There are certain spaces everyone has encountered which seem special. Some would view these as just beautiful places, others are spiritual places. I think of them as being sacred spaces.
There's a church near where I live which, as you drive to it, doesn't seem like anything special. But get to the top of the hill and...there's something about that place that no-one I knew who has been there can put their finger on, but they all acknowledge it. The current church building is around 150 years old, but there's been a church there for over 1000 years. There's also a well nearby, so this may have been a sacred site long before Christ. It made sense that when Christianity came to this area, that the ancient sacred sites became Christian sites of worship.

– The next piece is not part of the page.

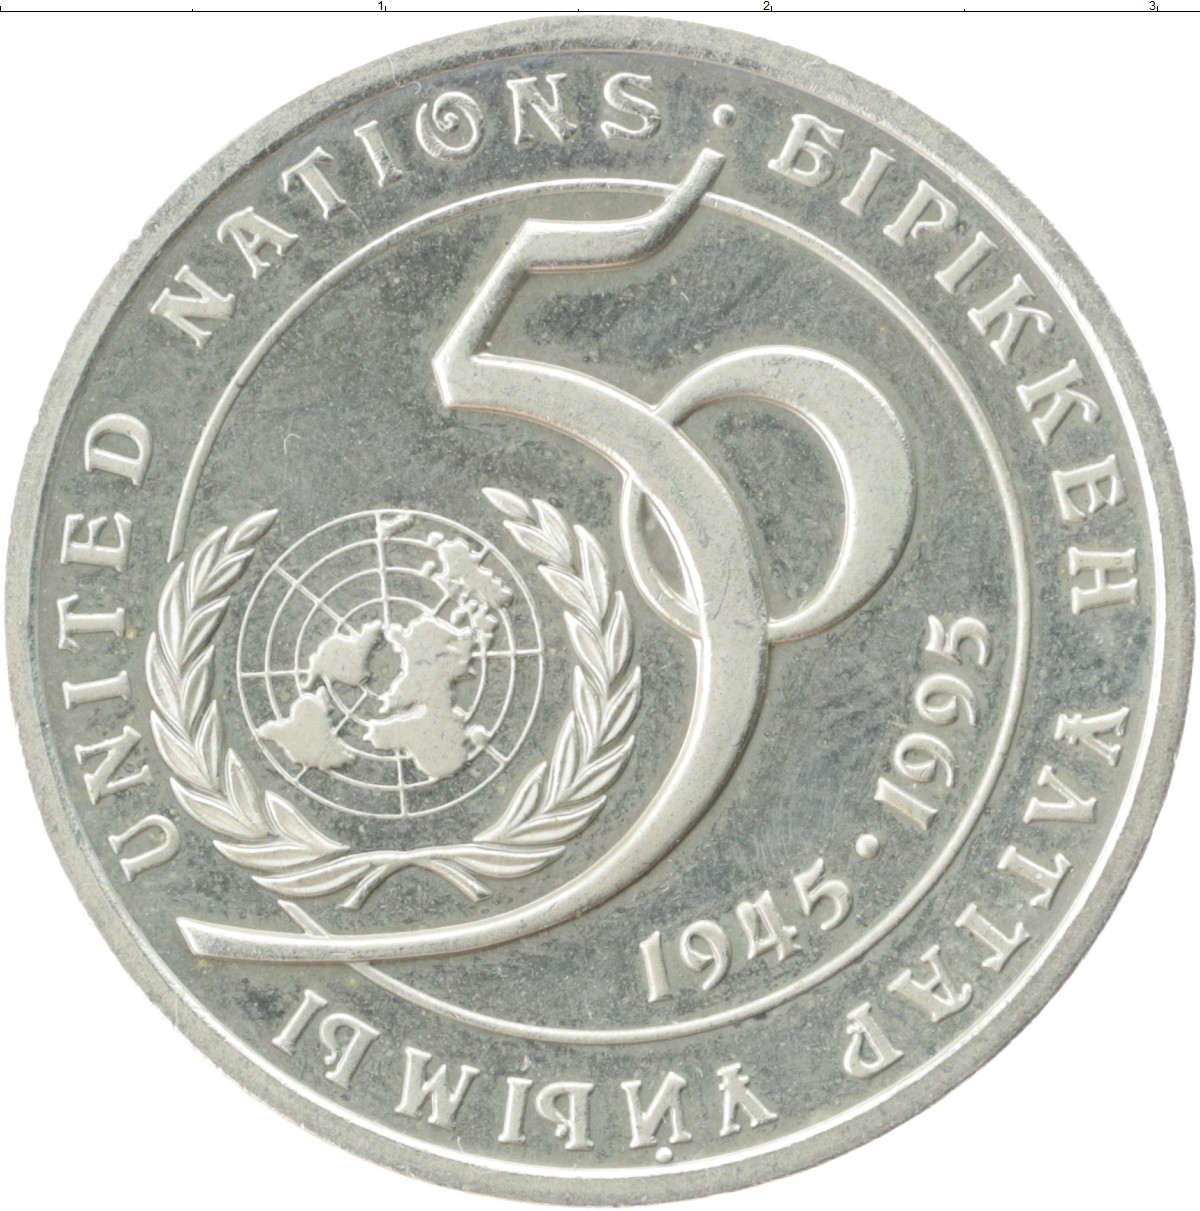 5 220 в рублях. 20 Тенге 1995 года Казахстан 50 лет ООН. Монета 20 тенге 5 лет независимости. 20 Тенге монета. Монеты Казахстана 1995 год.

I've been pondering recently if the church needs to start thinking about how to create sacred spaces for the 21st century. It's not that I think church buildings are the only way to create a sacred space, but I do think a church building should have an atmosphere, for want of a better phrase. I have worshipped in very modern churches, where the minute I've walked in I could feel there was something special about that place. I have worshipped in churches which are over 100 years old where there was about as much atmosphere as a wet tent in October.
I don't know what the answer to this is, but feel it's important for those with little or no connection to church that, if and when they experience church, they feel something speaking to them. One thing I know, it begins with God, but I suspect how people view the place and how a community worships in the space has an impact on this.
The ancient Celts said that heaven and earth are only three feet apart, and, they said, that distance is even smaller in the thin places, the sacred places where heaven comes close to touching earth.